Copyright 2004, Traffic World, Inc.

The best freight market in years is fetching top rates for intermodal marketing companies but also is testing their ability to "beg, borrow, or trade" intermodal equipment for their customers.

Demand for containers, trailers, intermodal chassis or flat cars is allowing railroads to boost rates to IMCs by up to 8 percent. IMCs, in turn, are finding it relatively easy to pass those rates down to their customers - retailers, 3PLs, and even other IMCs.

"By the end of the year, I wouldn''t be surprised if we saw the first double digit growth in intermodal volume since the first years that we began tracking it," said Tom Malloy, vice president of business development for the Intermodal Association of North America. Malloy said that it''s "extremely doable" for intermodal loads to climb past 13 million loads by the end of the year. Rail intermodal volume totaled 11.9 million loads in 2003, which was a 6.4 percent increase over 2002 volumes.

That growth is well above projections made by the American Trucking Associations last year that estimated intermodal volume growth would average 5.4 percent per year and revenue would grow 7.7 percent per year through 2009.

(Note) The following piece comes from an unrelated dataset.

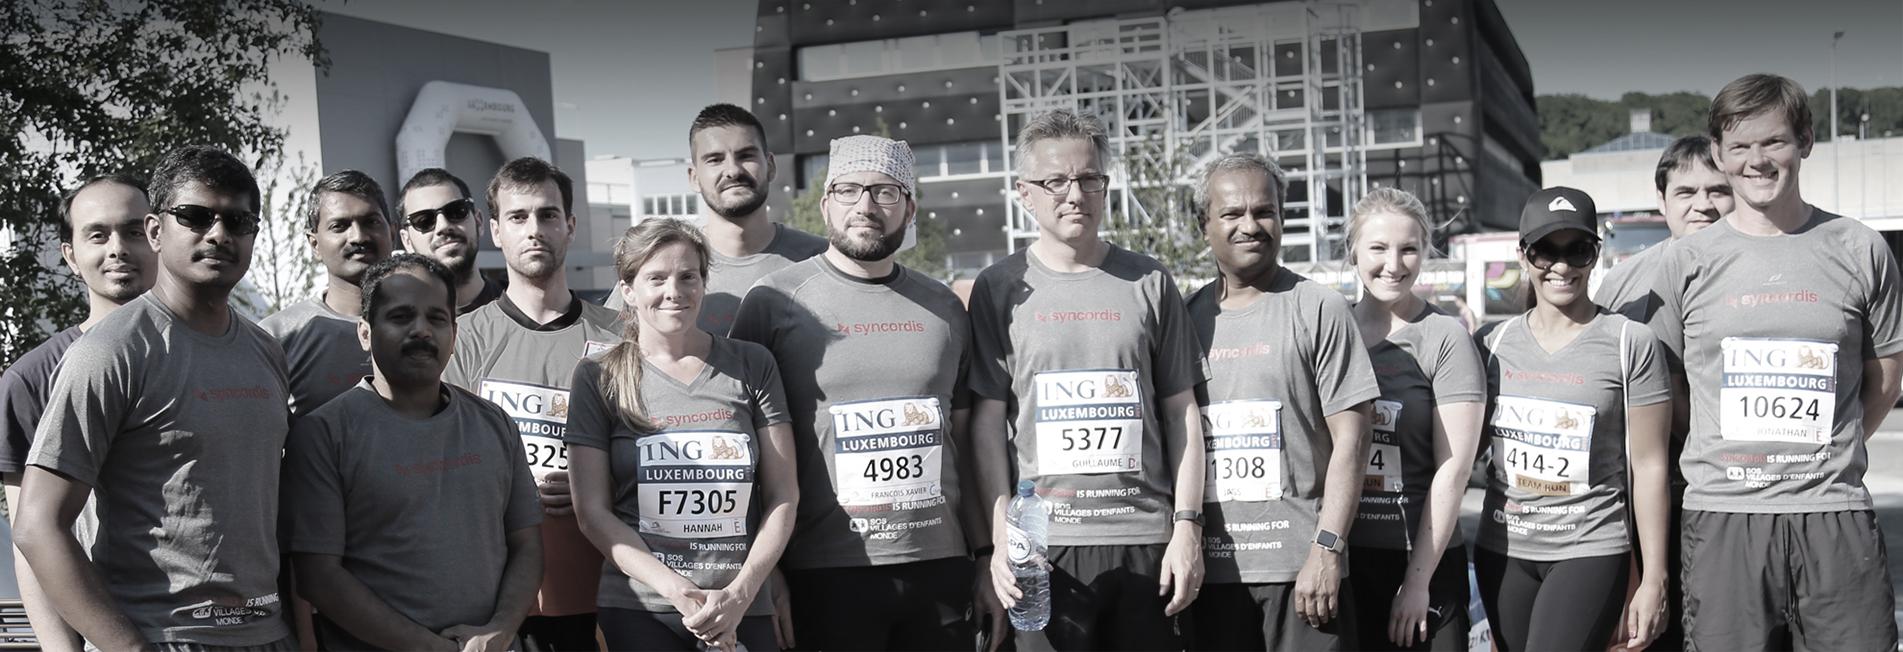 Syncordis ING Marathon Team

Those projections were partly based on the fact that the growth of intermodal transportation over the last five years has been constrained by real and perceived service issues with railroads. The problems were attributed to the difficulty in merging thousands of miles of track infrastructure and physical plant in the 1990s.

But now even the well-documented service issues on Union Pacific Railroad and CSX are not able keep business off the railroads because capacity is even tighter on the highways. Such a high-demand market has given Burlington Northern Santa Fe Railway the confidence to take its intermodal partner of 15 years, J.B. Hunt, to arbitration over revenue division - and analysts are confident that BNSF will be able to get a bigger share.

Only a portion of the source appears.